ABOUT THIS TASK:
Whenever the word "gold" turns up in a line below, that line should be copied.

--- RECORDS FOR THIS TASK ---

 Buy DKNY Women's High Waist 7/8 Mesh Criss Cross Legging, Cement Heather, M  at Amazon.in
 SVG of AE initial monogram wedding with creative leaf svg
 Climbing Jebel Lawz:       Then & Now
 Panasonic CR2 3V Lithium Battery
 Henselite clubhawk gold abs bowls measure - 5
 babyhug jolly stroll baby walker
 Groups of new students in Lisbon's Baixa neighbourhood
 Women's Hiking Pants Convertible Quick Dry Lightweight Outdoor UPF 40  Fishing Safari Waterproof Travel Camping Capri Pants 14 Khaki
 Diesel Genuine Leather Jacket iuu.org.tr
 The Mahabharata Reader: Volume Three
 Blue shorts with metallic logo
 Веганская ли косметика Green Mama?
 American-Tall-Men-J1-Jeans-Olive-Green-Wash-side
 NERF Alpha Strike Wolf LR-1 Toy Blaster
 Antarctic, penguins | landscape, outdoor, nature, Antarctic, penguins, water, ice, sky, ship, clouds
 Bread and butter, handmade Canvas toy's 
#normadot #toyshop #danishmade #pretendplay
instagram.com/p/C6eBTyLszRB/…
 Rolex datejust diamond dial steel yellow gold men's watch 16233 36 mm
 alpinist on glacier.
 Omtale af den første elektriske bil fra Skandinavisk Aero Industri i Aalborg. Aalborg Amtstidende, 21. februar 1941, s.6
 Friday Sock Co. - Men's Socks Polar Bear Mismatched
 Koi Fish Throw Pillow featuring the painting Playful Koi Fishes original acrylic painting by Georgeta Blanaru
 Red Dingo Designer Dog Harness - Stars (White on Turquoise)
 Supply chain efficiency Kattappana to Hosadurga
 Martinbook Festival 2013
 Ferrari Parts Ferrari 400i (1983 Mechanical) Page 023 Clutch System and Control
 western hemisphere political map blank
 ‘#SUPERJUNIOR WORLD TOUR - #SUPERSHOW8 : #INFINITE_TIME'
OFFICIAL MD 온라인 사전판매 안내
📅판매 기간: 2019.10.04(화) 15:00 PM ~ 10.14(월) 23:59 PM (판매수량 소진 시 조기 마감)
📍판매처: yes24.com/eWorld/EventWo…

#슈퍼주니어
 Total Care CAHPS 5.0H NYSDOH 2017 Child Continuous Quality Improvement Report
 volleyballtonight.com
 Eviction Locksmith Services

---

YOUR SOLUTION:
 Henselite clubhawk gold abs bowls measure - 5
 Rolex datejust diamond dial steel yellow gold men's watch 16233 36 mm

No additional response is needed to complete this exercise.